** Opening RECORDED INFORMATION block **
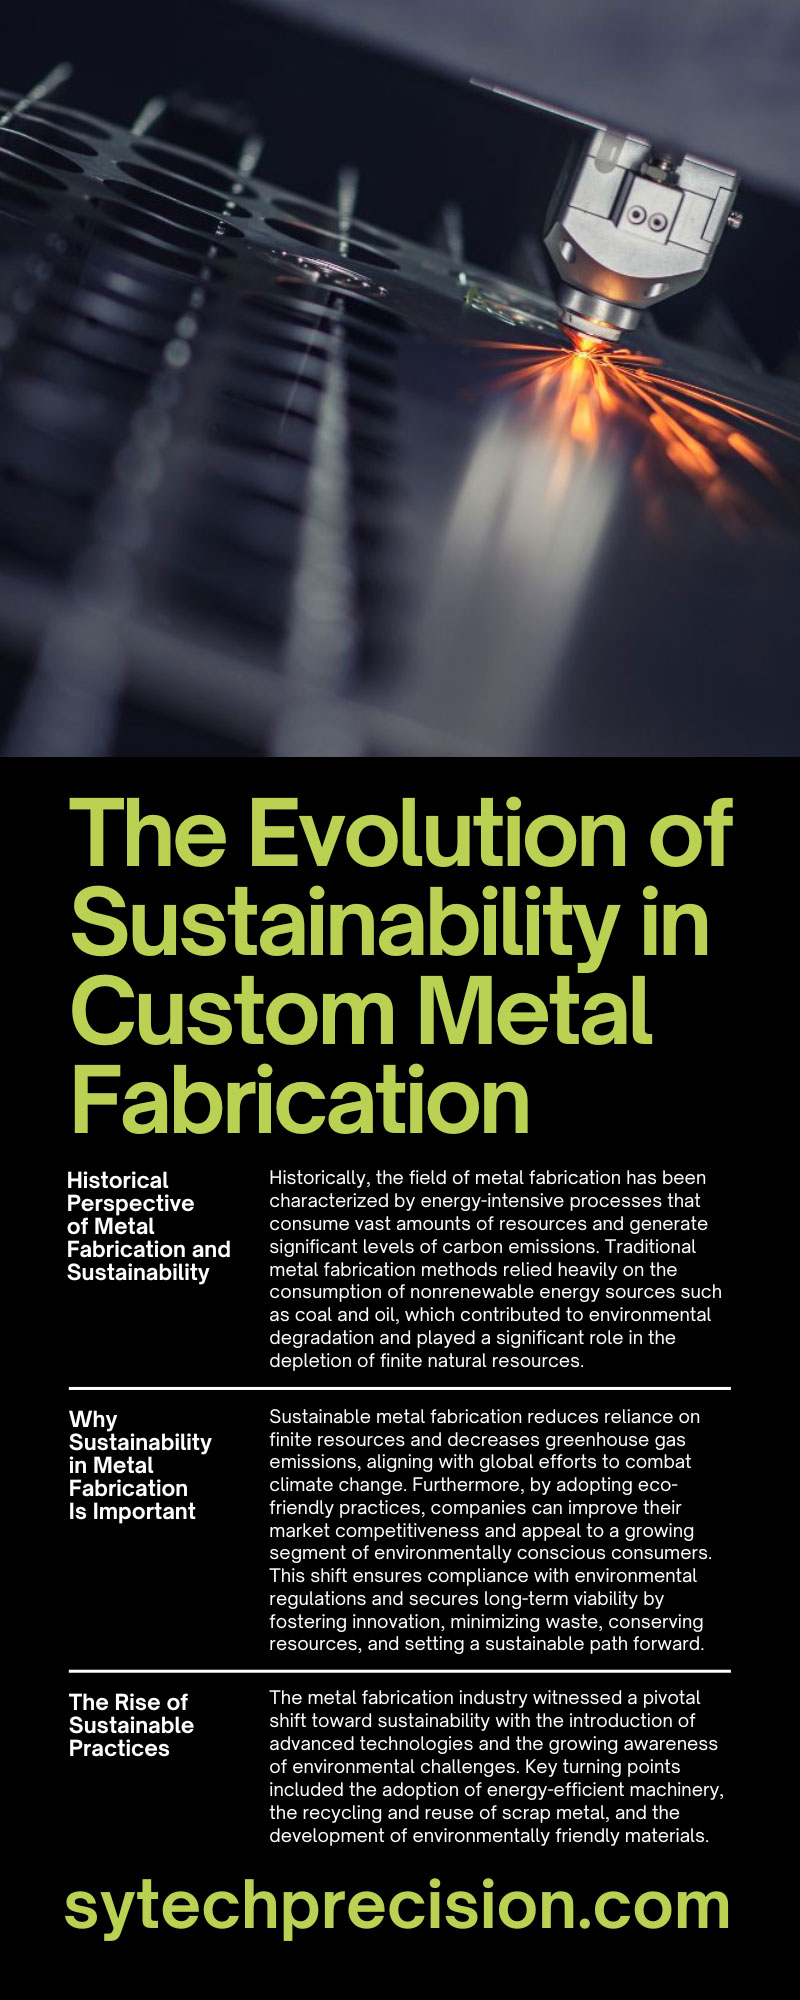 The Evolution of Sustainability in Custom Metal Fabrication
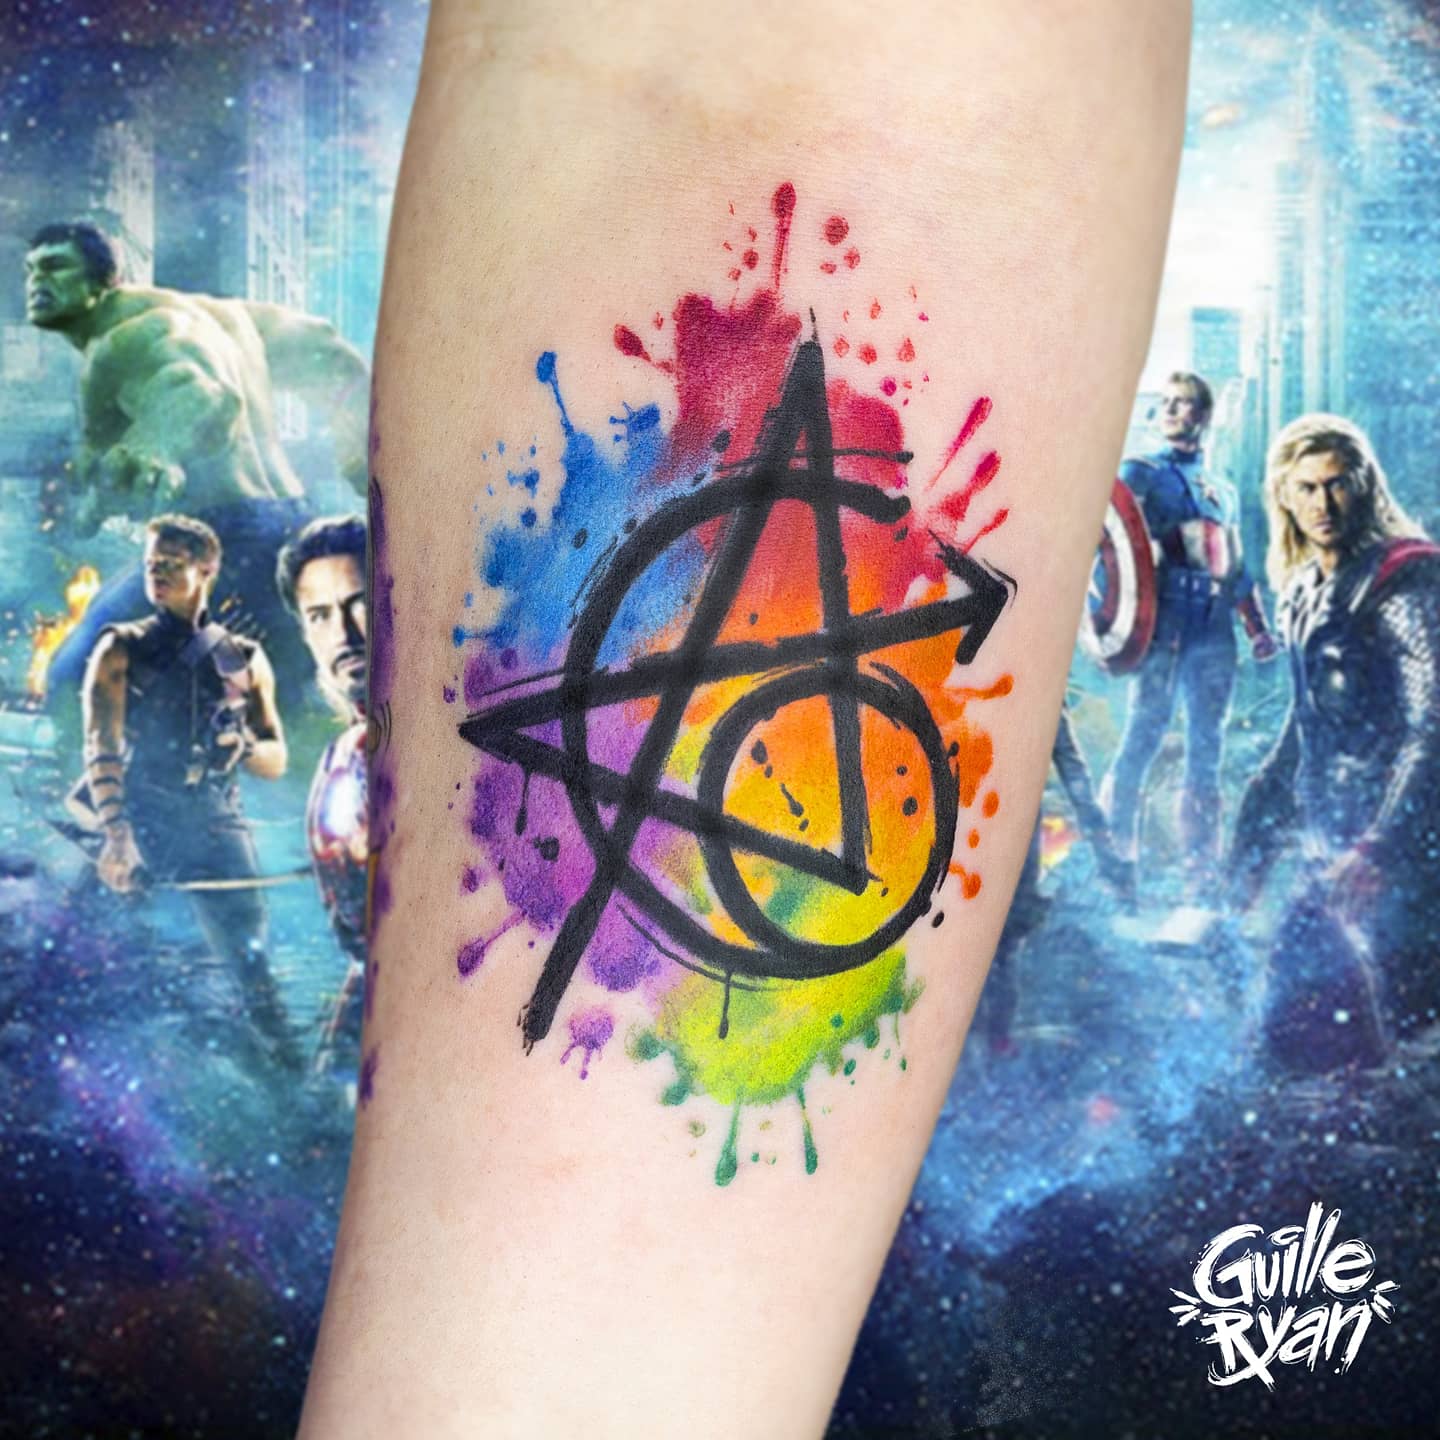 Wendall smith - #avengers #tattoo #avengerstattoo #hero #heroes  #tattoowendall #subculturecity #subculture #watercolor #watercolortattoo  #ink #inked #nctattooers | Facebook
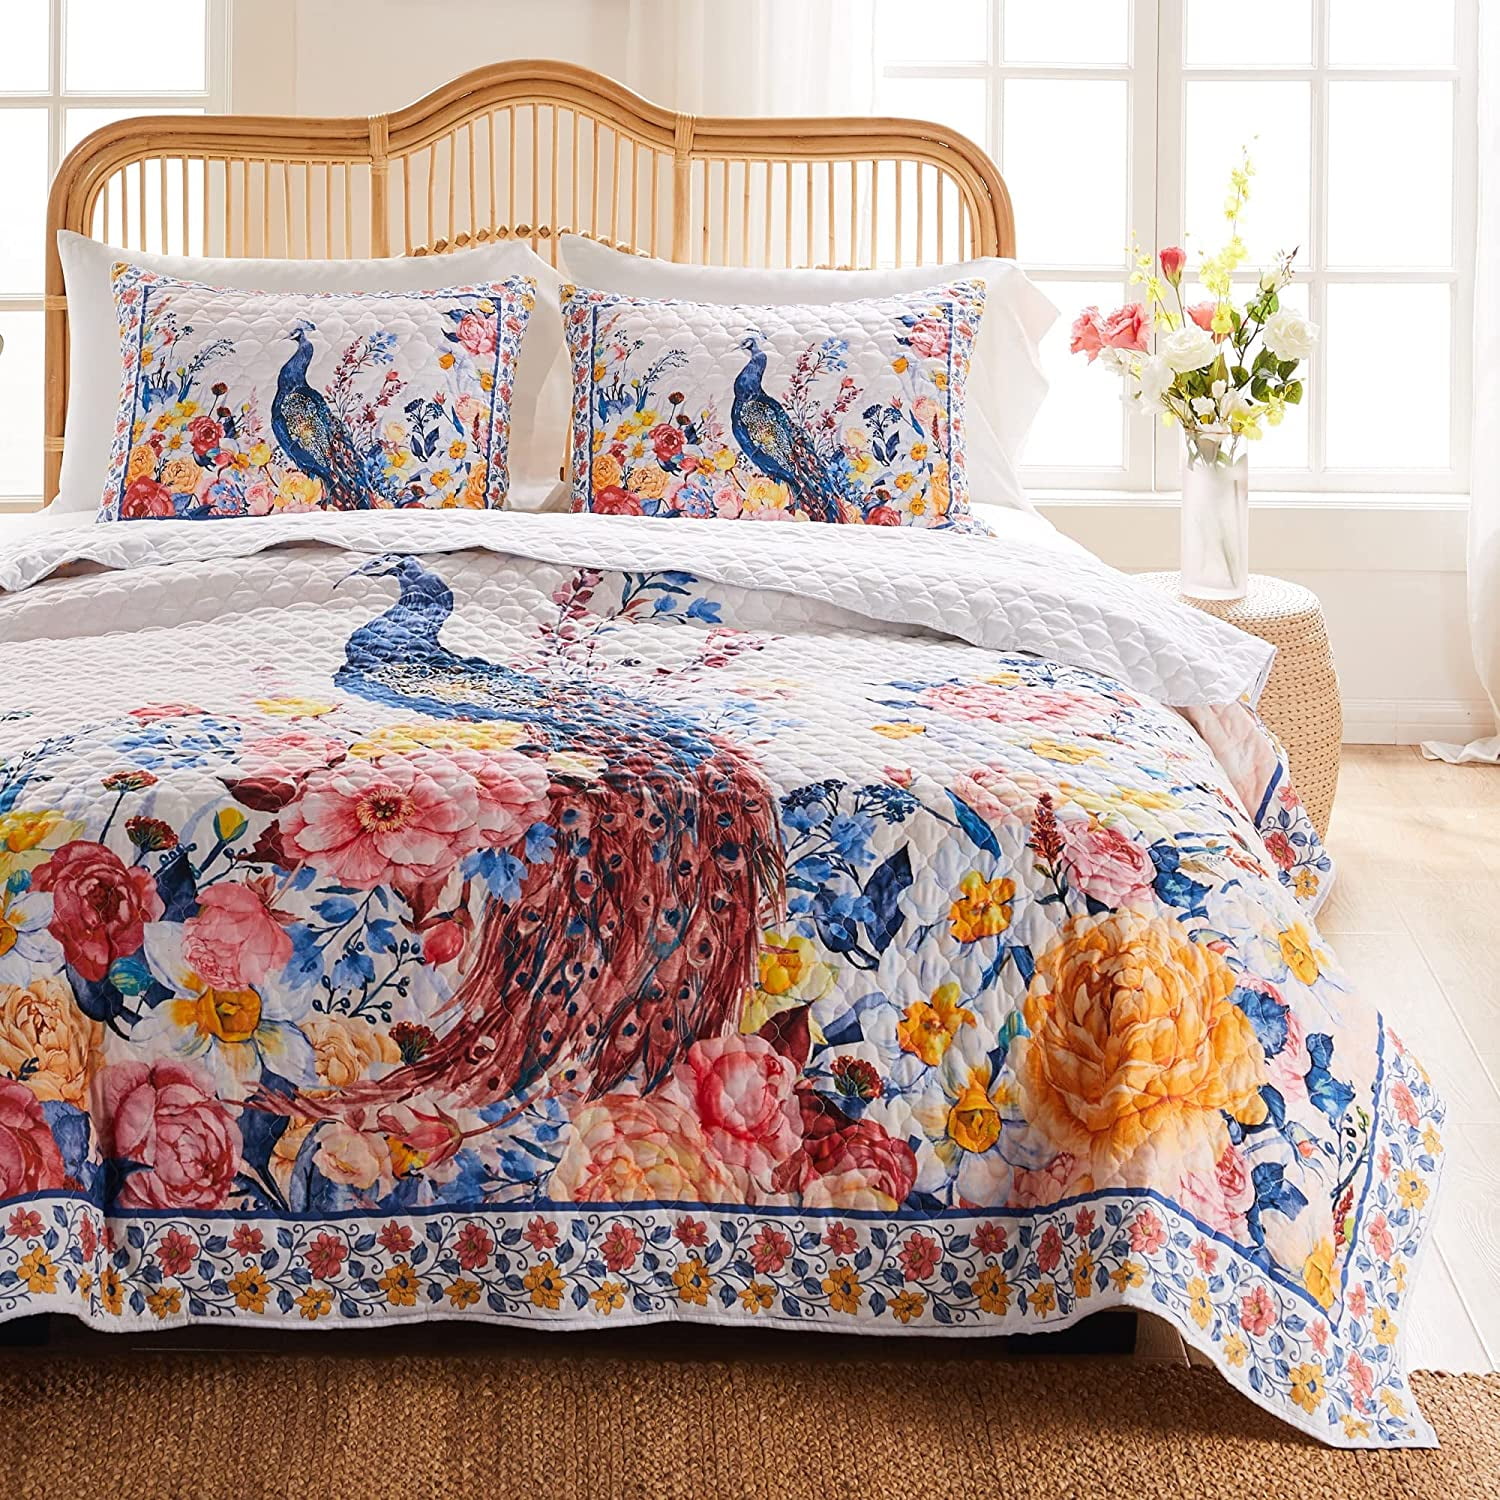 Details about   Beige Peacock Kantha Quilt Bedspread Throw Cotton Blanket Twin/Queen/King Size
** Closing RECORDED INFORMATION block **
ACTION ITEM
The expected output is the full material above, unaltered, with pictures removed.

FINISHED TASK
 The Evolution of Sustainability in Custom Metal Fabrication
 Wendall smith - #avengers #tattoo #avengerstattoo #hero #heroes  #tattoowendall #subculturecity #subculture #watercolor #watercolortattoo  #ink #inked #nctattooers | Facebook
 Details about   Beige Peacock Kantha Quilt Bedspread Throw Cotton Blanket Twin/Queen/King Size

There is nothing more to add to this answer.